1 KINGS 22:51-53, 2 KINGS 1:1-18
We learned earlier in Chapter 22 that King Ahab of Israel died when an arrow struck him in the battle against King Ben-Hadad of Aram. His son, Ahaziah, will not be a good king and will only reign for two years. "Ahaziah son of Ahab became king of Israel in Samaria in the seventeenth year of Jehoshaphat king of Judah, and he reigned over Israel two years. He did evil in the eyes of the Lord, because he followed the ways of his father and mother and of Jeroboam son of Nebat, who caused Israel to sin. He served and worshiped Baal and aroused the anger of the Lord, the God of Israel, just as his father had done." (1 Kings 22:51-53) 

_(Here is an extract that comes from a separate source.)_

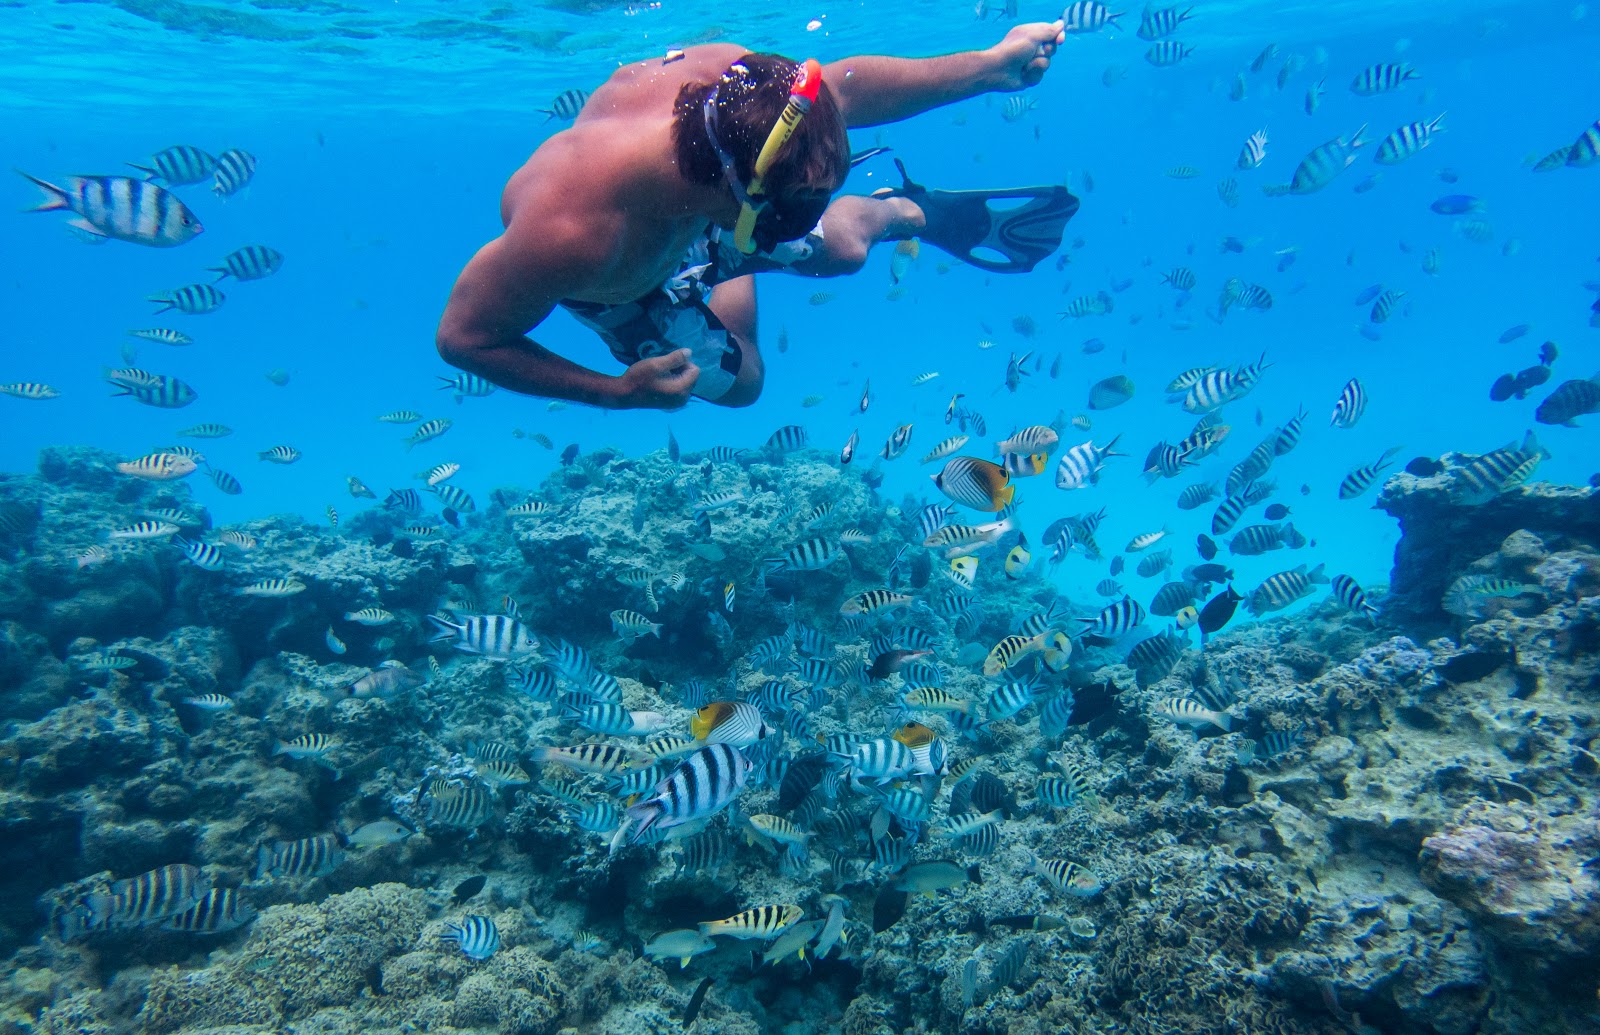 Aquarium Snorkeling Location @ Bora Bora, Tahiti

"After Ahab's death, Moab rebelled against Israel." (2 Kings 1:1) During Ahab's reign the Moabites were subject to Israel and due to his great power they dared not rebel while he still lived. But now that a new, younger, and inexperienced king sits on the throne, they see their opportunity to throw off the shackles of Israel.

"Now Ahaziah had fallen through the lattice of his upper room in Samaria and injured himself. So he sent messengers, saying to them, 'Go and consult Baal-Zebub, the god of Ekron, to see if I will recover from this injury.'" (2 Kings 1:2) Some commentators think the lattice he fell through was a screen or short wall surrounding an upper floor balcony and that perhaps he leaned against it and it gave way, sending him plunging down to the floor level of the palace. Rather than seeking help from the Lord, Ahaziah consults a foreign god, a god of the Philistine town of Ekron. 

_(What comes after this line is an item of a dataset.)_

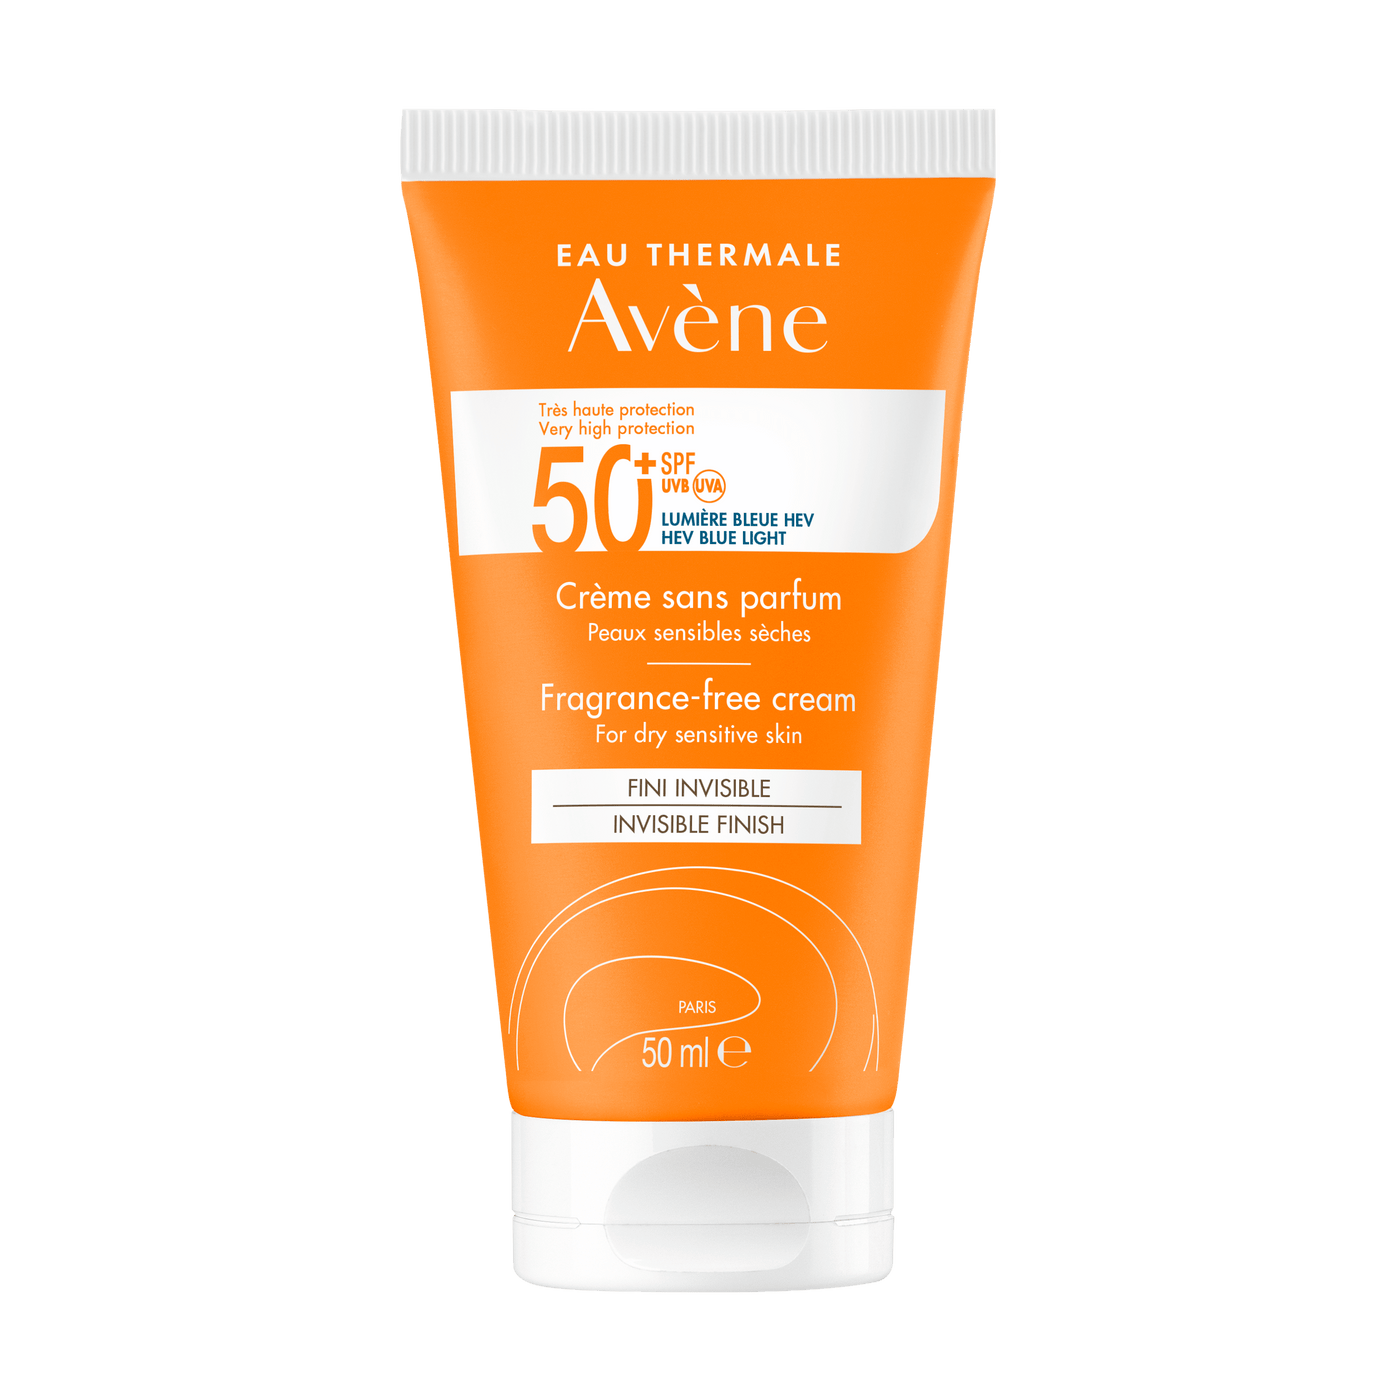 50 + spf, Avene, Eau thermale, invisible finish, sensible skin, fragrance-free, sun protection

Baal-Zebub's name is usually translated Beelzebub in the New Testament. The name is a combination of the fertility/storm god Baal and a word which means "exalted dwelling". In the New Testament we find Jesus' enemies accusing Him of casting demons out through the power of Beelzebub. In Jesus' time the name of this god had become synonymous with Satan himself, a symbol of all that is wicked and abominable, a title for the one who said, "I will ascend to the heavens, I will raise my throne above the stars of God." (Isaiah 14:13a) It's also a title for the man of sin who will come at the end times, the antichrist, who will, "oppose and will exalt himself over everything that is called God or is worshiped, so that he sets himself up in God's temple, proclaiming himself to be God." (2 Thessalonians 2:4) In all of Israel and Judah, there was no name more detestable than that of Beelzebub and this is the god Ahaziah consults in his troubles.

"But the angel of the Lord said to Elijah the Tishbite, 'Go up and meet the messengers of the king of Samaria and ask them, 'Is it because there is no God in Israel that you are going off to consult Baal-Zebub, the God of Ekron?' Therefore this is what the Lord says: 'You will not leave the bed you are lying on. You will certainly die!' So Elijah went." (2 Kings 1:3-4) Ahaziah knows he is seriously injured, probably internally, but instead of seeking help from the God who led Israel out of Egypt into the promised land, he seeks help from a god who is not real, a god incapable of saving or delivering, a god who has done nothing for Israel and never will. Elijah is to ask the messengers why the king feels the need to send them all the way to Ekron when the mighty God of Israel is at hand.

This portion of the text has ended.